Hi,
I have lots of transmit timeouts with an Intel E1000 card during large
TCP transmissions (remotely viewing a 3000x2000 jpeg image using XV is
an excellent way to trigger it). This is what I get in linux-2.6.8.1:
Jan 10 15:24:41 zurix kernel: NETDEV WATCHDOG: eth0: transmit timed out
Jan 10 15:24:41 zurix kernel: e1000: eth0: e1000_watchdog: NIC Link is Up 1000
Mbps Full Duplex
Jan 10 15:24:46 zurix kernel: nfs: server abra2 not responding, still trying
Jan 10 15:24:46 zurix kernel: nfs: server abra2 OK
And this is with linux-2.6.15:
Jan 10 06:53:27 zurix kernel: e1000: eth0: e1000_clean_tx_irq: Detected Tx Unit
Hang
Jan 10 06:53:27 zurix kernel: TDH <b0>
Jan 10 06:53:27 zurix kernel: TDT <b0>
Jan 10 06:53:27 zurix kernel: next_to_use <b0>
Jan 10 06:53:27 zurix kernel: next_to_clean <c3>
Jan 10 06:53:27 zurix kernel: buffer_info[next_to_clean]

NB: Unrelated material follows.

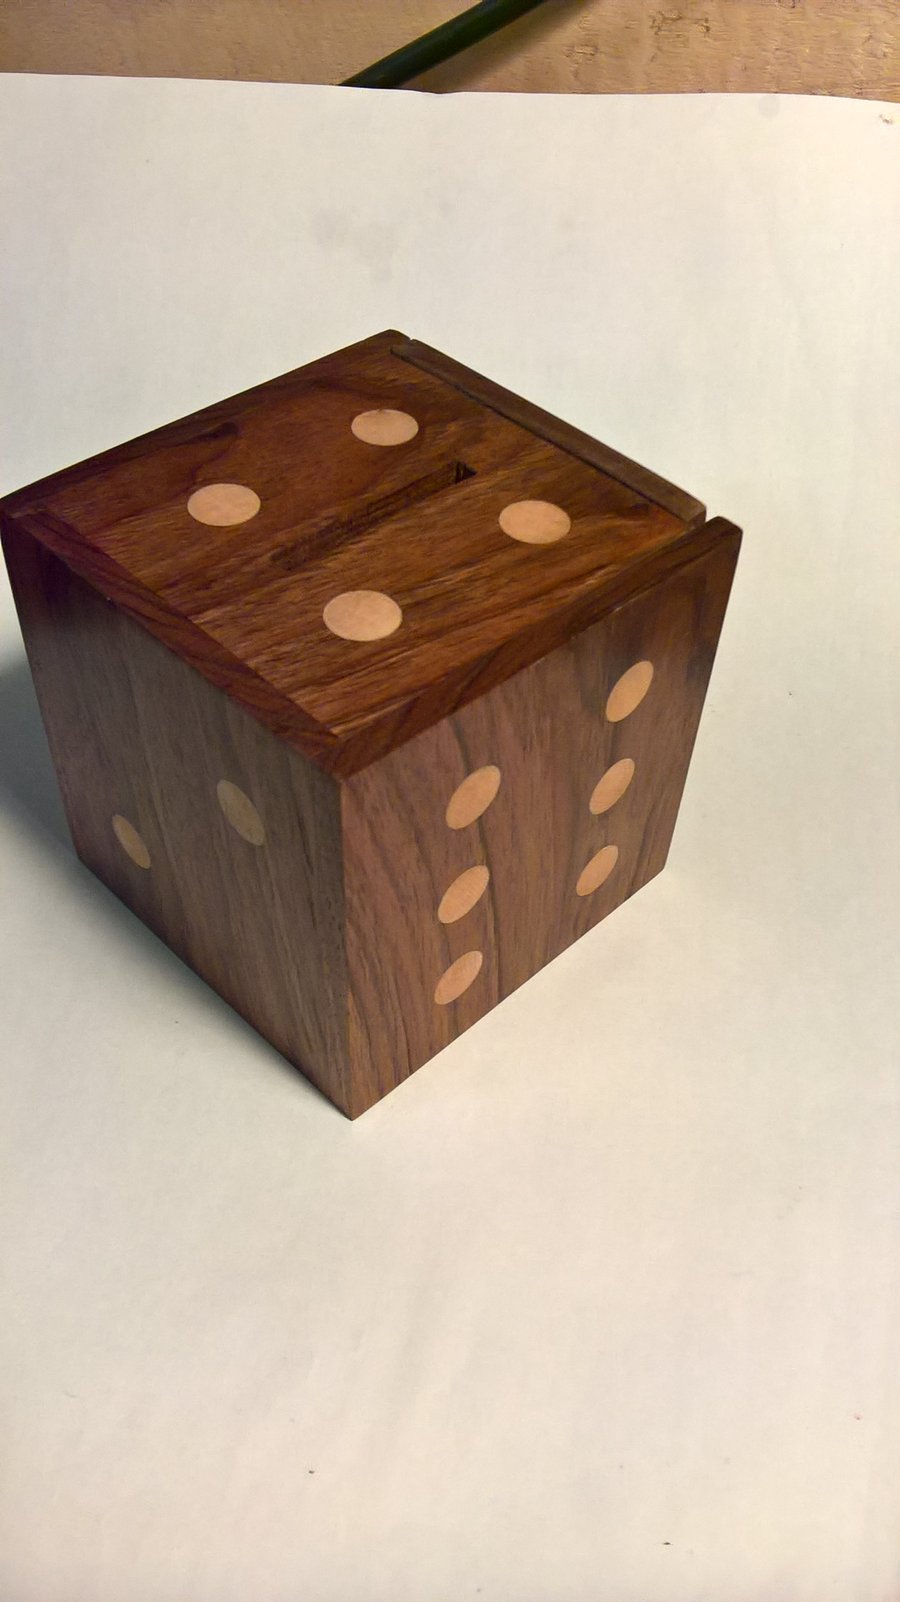 A Black Walnut Money Box with Sycamore dots

Jan 10 06:53:27 zurix kernel: dma <e938a5e>
Jan 10 06:53:27 zurix kernel: time_stamp <872de93>
Jan 10 06:53:27 zurix kernel: next_to_watch <c3>
Jan 10 06:53:27 zurix kernel: jiffies <872e086>
Jan 10 06:53:27 zurix kernel: next_to_watch.status <0>
Jan 10 06:53:29 zurix kernel: e1000: eth0: e1000_clean_tx_irq: Detected Tx Unit
Hang
Jan 10 06:53:29 zurix kernel: TDH <b0>
Jan 10 06:53:29 zurix kernel: TDT <b0>
Jan 10 06:53:29 zurix kernel: next_to_use <b0>
Jan 10 06:53:29 zurix kernel: next_to_clean <c3>
Jan 10 06:53:29 zurix kernel: buffer_info[next_to_clean]
Jan 10 06:53:29 zurix kernel: dma <e938a5e>
Jan 10 06:53:29 zurix kernel: time_stamp <872de93>
Jan 10 06:53:29 zurix kernel: next_to_watch <c3>
Jan 10 06:53:29 zurix kernel: jiffies <872e27a>
Jan 10 06:53:29 zurix kernel: next_to_watch.status <0>
Jan 10 06:53:31 zurix kernel: e1000: eth0: e1000_clean_tx_irq: Detected Tx Unit
Hang
Jan 10 06:53:31 zurix kernel: TDH <b0>
Jan 10 06:53:31 zurix kernel: TDT <b0>
Jan 10 06:53:31 zurix kernel: next_to_use <b0>
Jan 10 06:53:31 zurix kernel: next_to_clean <c3>
Jan 10 06:53:31 zurix kernel: buffer_info[next_to_clean]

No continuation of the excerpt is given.